The brainstorming session that settled this (in hadron-concept/brainstorming/2026-04-28-asset-upload-design/) opened with the question "should assets be a node type, like references?" and closed with three load-bearing reasons for going the other way:

  1. Normalization. References and assets have diverging schemas. Reference metadata (DOI, authors, publication year) has nothing in common with asset metadata (storage key, MIME type, scan status). Single-table inheritance with diverging subtypes is a recognized anti-pattern when the subtypes barely share fields.

  2. Scale and access patterns. A research-heavy memory may accumulate hundreds or thousands of asset uploads — the memory is dehydrated knowledge, but assets are raw material. Mixing them in the Node table inflates the table and competes with knowledge nodes for index budget. References grow more slowly and look more like the rest of the knowledge graph in their access patterns.

  3. Containment is foreign-key-shaped, not graph-shaped. Citation chains are real graph traversals — paper A cites paper B which contradicts paper C. Asset relationships are typically containment ("this recipe uses that image") — a foreign key from the recipe to the asset, with an optional label. Treating it as a graph edge buys generality the use case doesn't need and pays storage + query cost we definitely do.

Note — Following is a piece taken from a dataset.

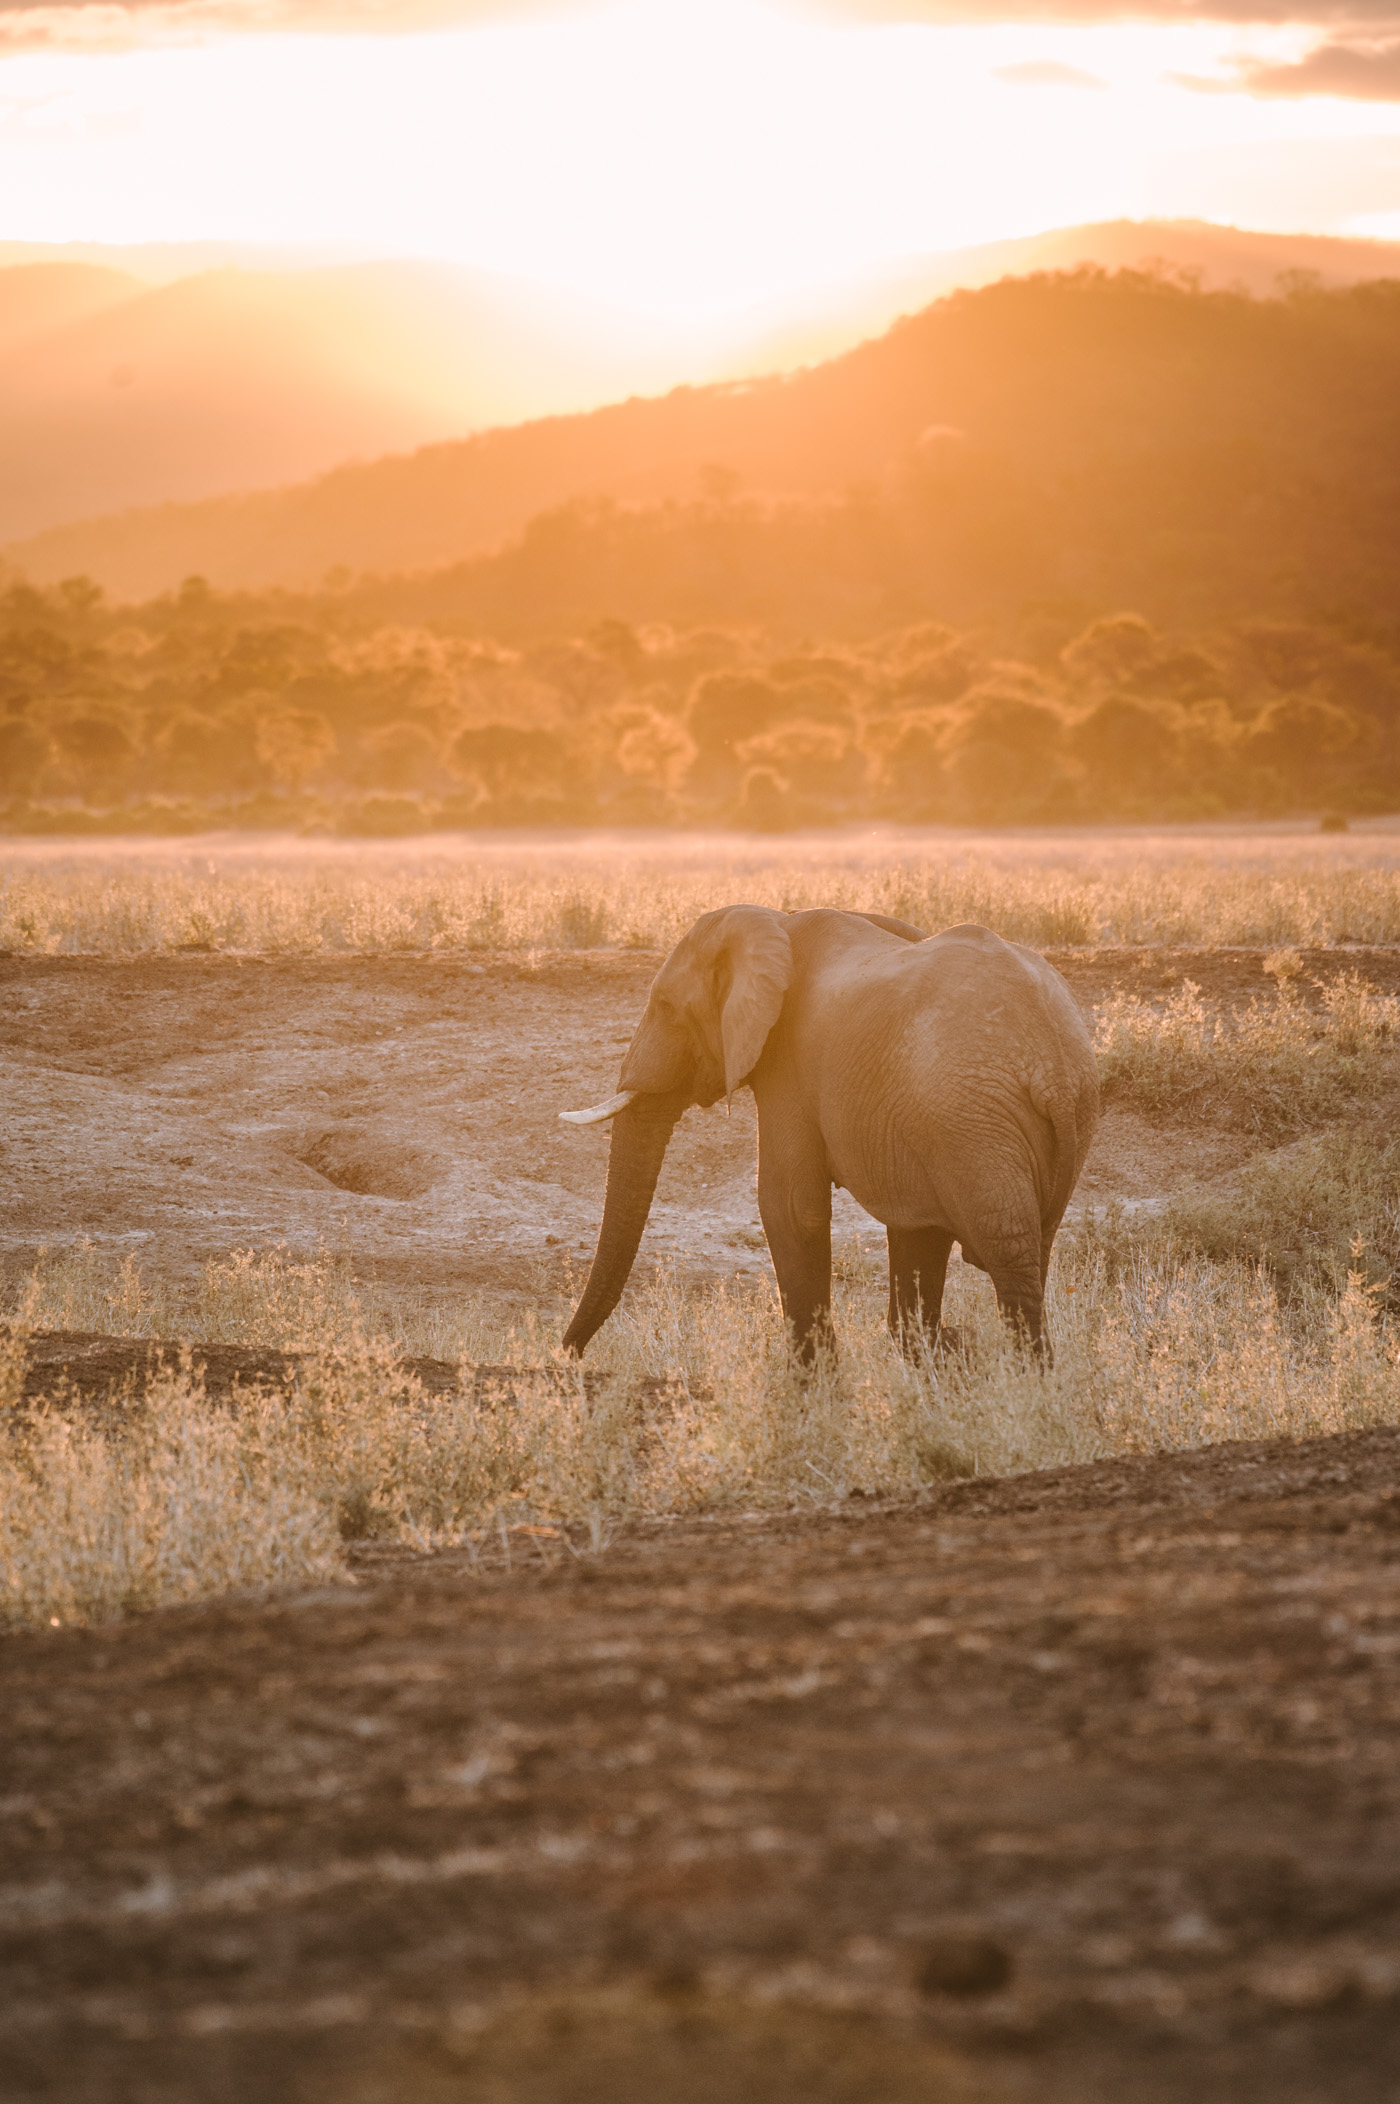 Elephant in Lower Zambezi National Park Zambia

What this means for builders

  • A reference can be cited from anywhere — many memories, many nodes, traversable as a graph. If you want a paper to appear in a citation network, it's a reference.
  • An asset belongs to one memory — the user who uploaded it. Its existence is tied to their per-agent memory; deleting the memory deletes the assets.
  • You don't need to choose between them at upload time. The asset-upload tool always creates an asset. A future "promote this to a reference" flow will create a reference node citing the asset's URN — composing the two primitives without conflating them.